窓際に歩み寄ると、教授の白髪が夕陽に輝く。

「修士に上がってから就活してもいいんじゃないですか」


 答えを待たず、教授は「じゃあ、お先に」と手を上げて去っていく。


 研究室に長い影が落ちている。


 大学院。学問に強い思い入れがあるわけではない。でも、逃げることと、選ぶことは、違うはずだ。大切な人との時間を、もう少し大切にしたい。
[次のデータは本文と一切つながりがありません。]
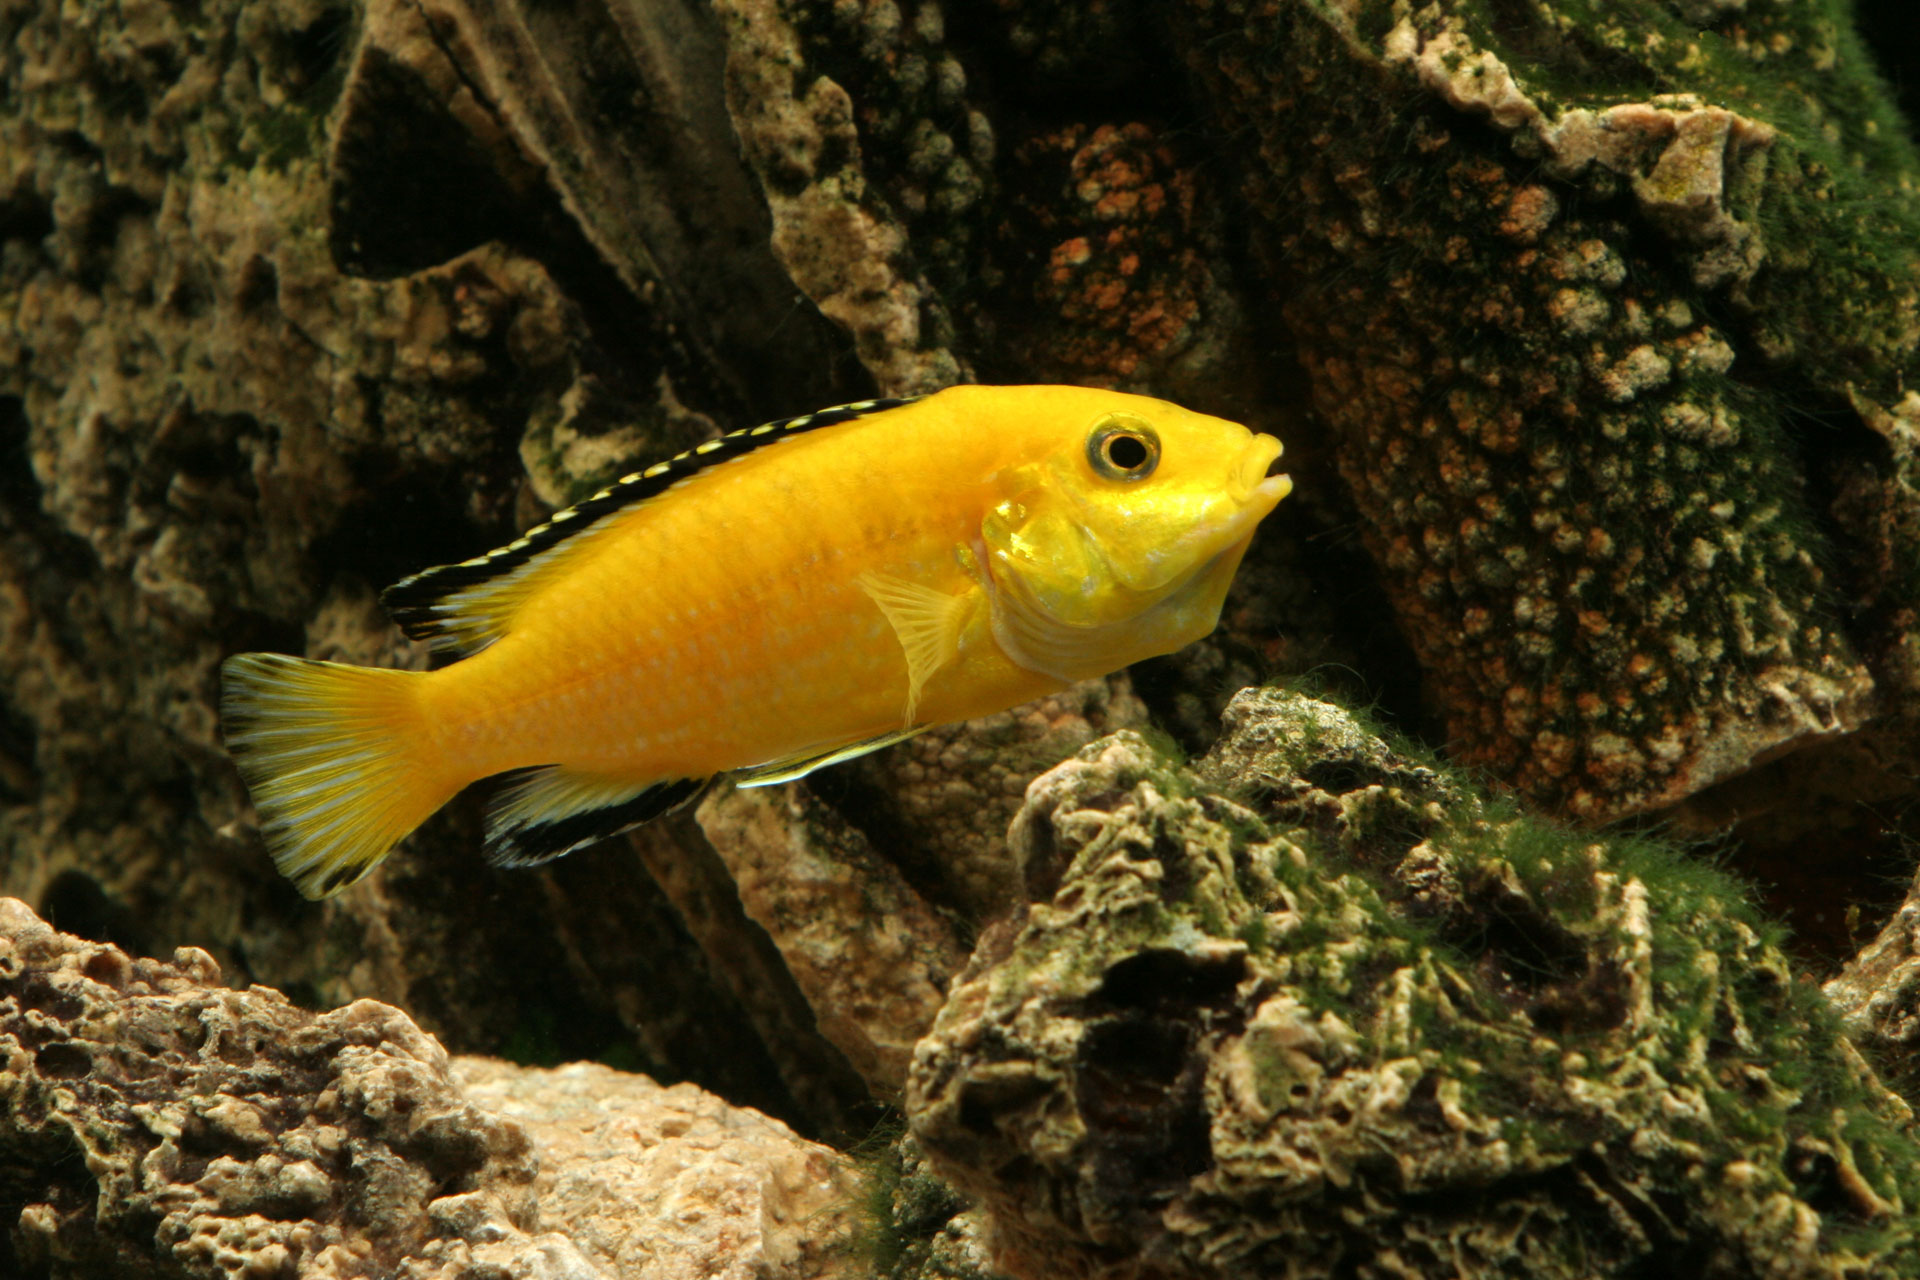 Electric Yellow Labidochromis African Cichlid
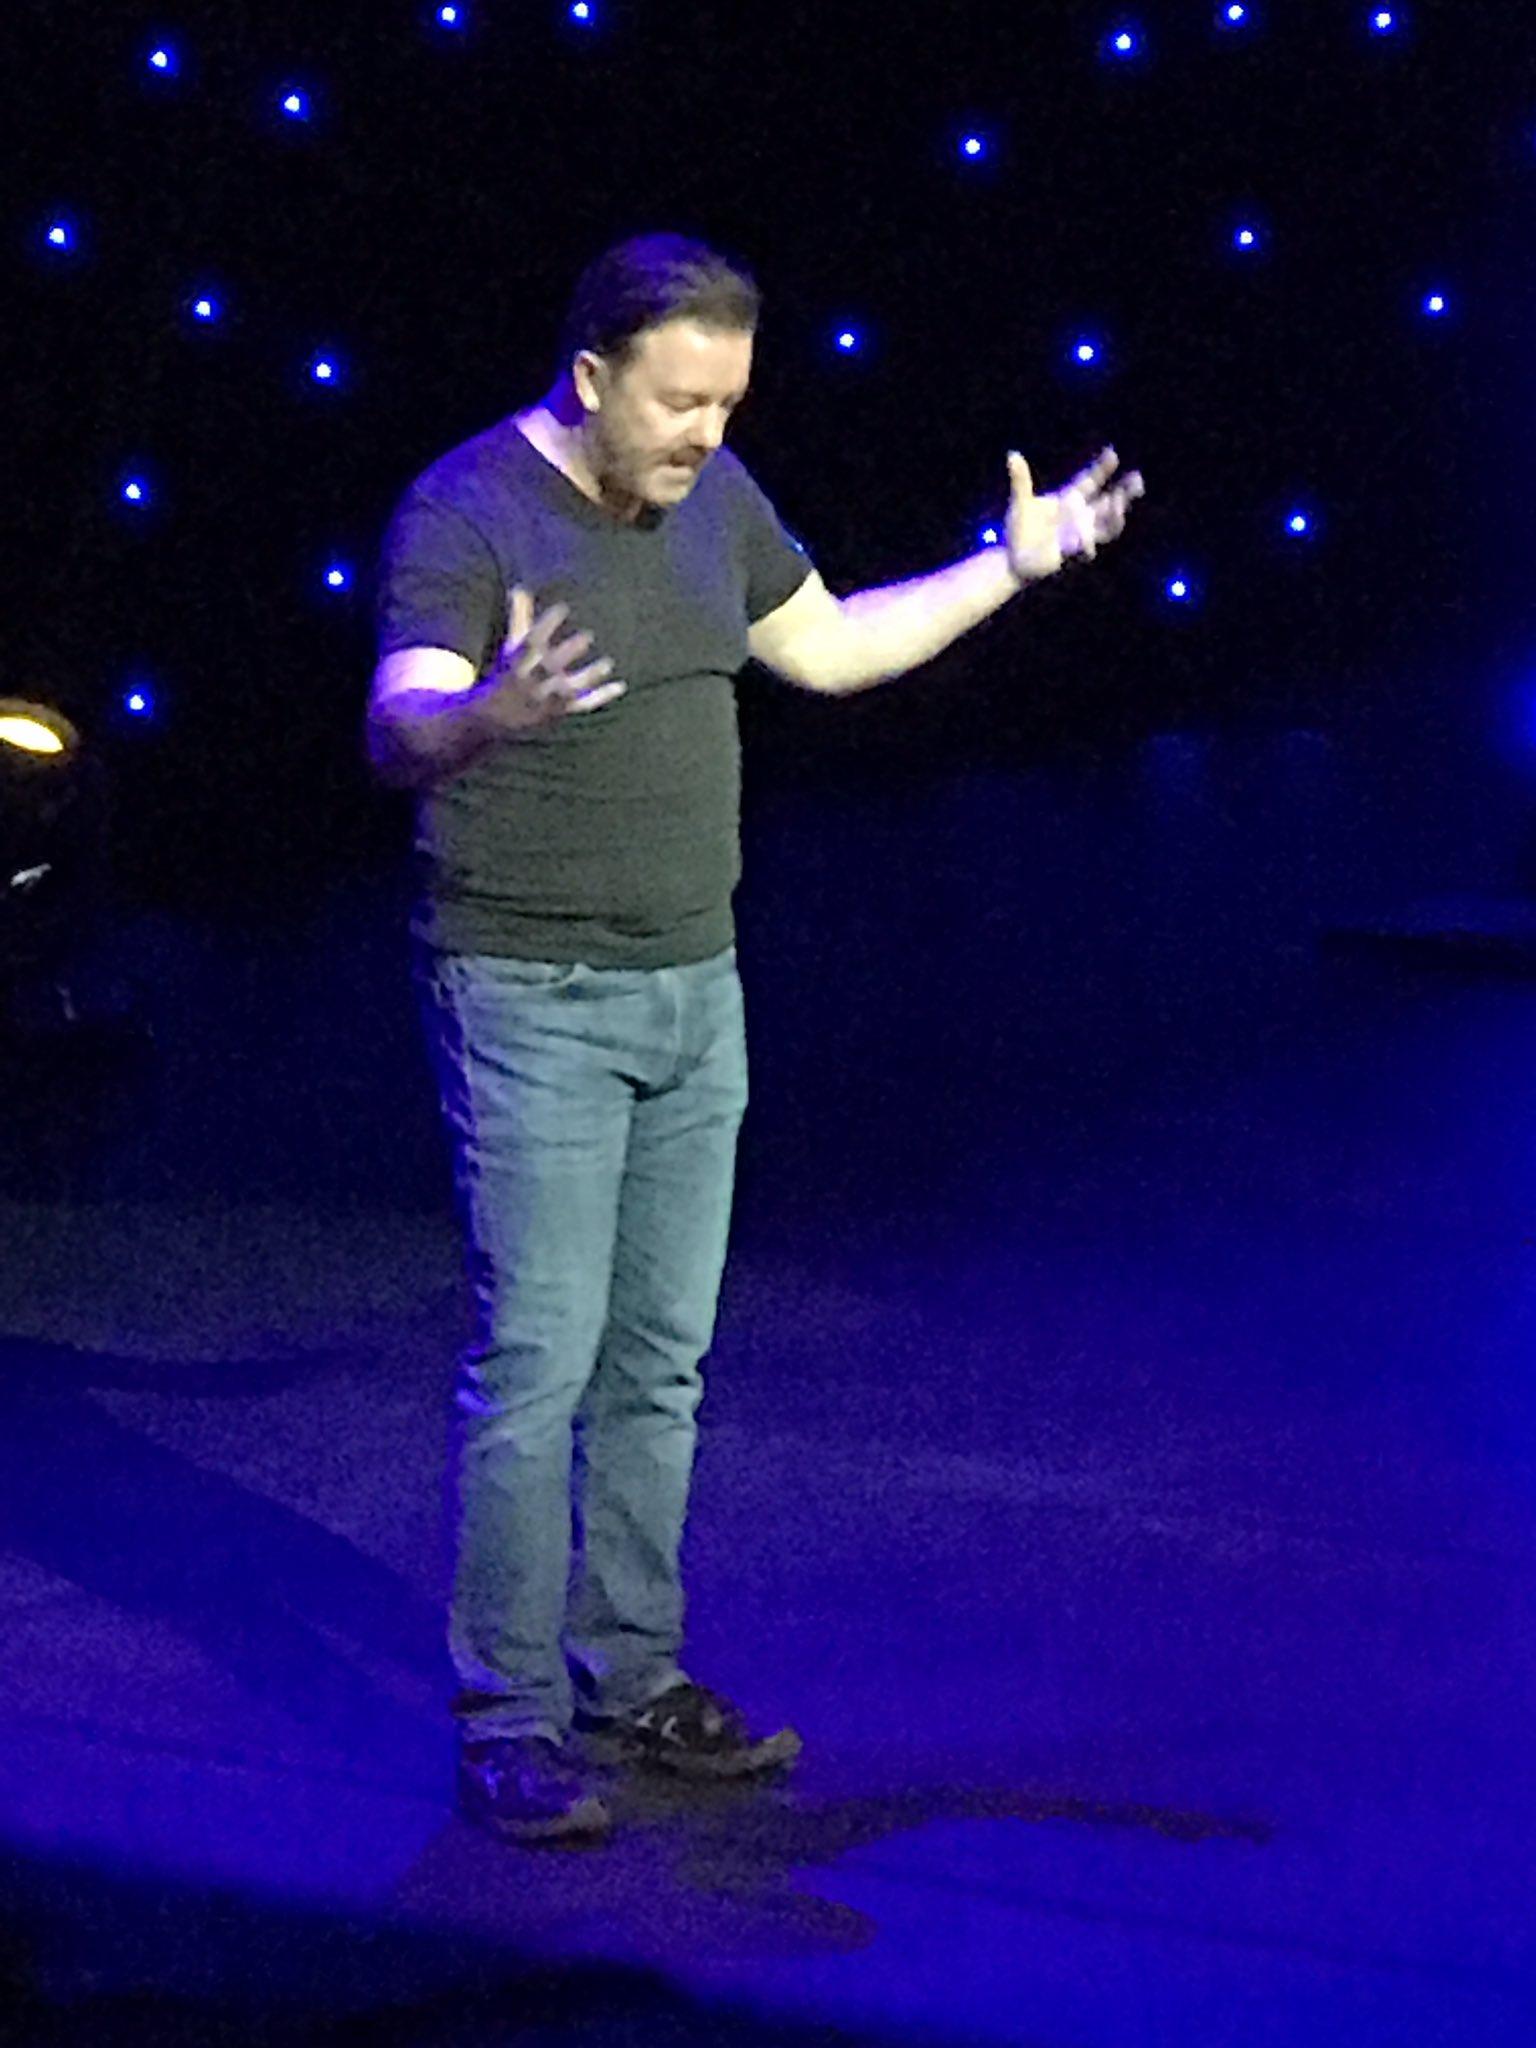 RT @preetbanerjee: 10/10 on @rickygervais' new standup show Humanity! https://t.co/Z58gB0nRFV

 研究室を後にする頃には、日が暮れていた。スマートフォンを取り出し、ためらいがちにメッセージを打つ。


「先輩、お話ししたいことがあります」


 返信を待つ間、耳の奥で血が騒ぐ。


 ***


 夏の終わりを感じさせる夕暮れ。あのカフェに向かう足取りが、妙に重い。新緑の季節に先輩と再会した場所。レンガ造りの壁に蔦の絡まる、落ち着いた空間。


「大学院に進むことにしました」


 窓際の席で、カップを持つ先輩の手が、一瞬止まる。


「就活を諦めたわけじゃありません。ただ、今は……」

言葉を探す。

「先輩との時間を、大切にしたいんです」


 ゆっくりとカップを置く音が、静かに響く。


「そんな……私のせいで……」


「違います」

強く否定する。

「研究は嫌いじゃないんです。面白いと思えるところもあって」


 研究室での日々を思い出す。就活の代わりに、データと向き合っていた時間は、確かに充実していた。


「奨学金も貰えそうなんです」


 カップから立ち上る湯気が、夕陽に照らされて煌めく。


「覚えてますか?先輩は言ってくれました」

自分の番だと思い、勇気を出して話し始める。

「素直な方が、好きだって」


「……」

「進学も、問題の先送りに見えるかもしれません。でも、そうしたいんです」


「でも……」


 店内の柔らかな照明が、横顔を優しく照らしている。


「本当に……いいの?」

掠れた声。

「そこまでして、私みたいな人間に……」


「はい」

迷いのない返事。

「先輩との時間に、その価値があると思ったんです」


 潤んだ瞳が、まっすぐこちらを見つめる。


「これからは……」

声が、少しずつ力強さを取り戻していく。

「あなたの作ってくれた時間、もっと大切にしなきゃね」


「色々と撮ってみたいと思ってたものがあるの」

まるで、夢見るように続ける先輩。

「今まで触れられなかった世界を、表現したい」


 窓の外では、夕陽が街並みを染めていた。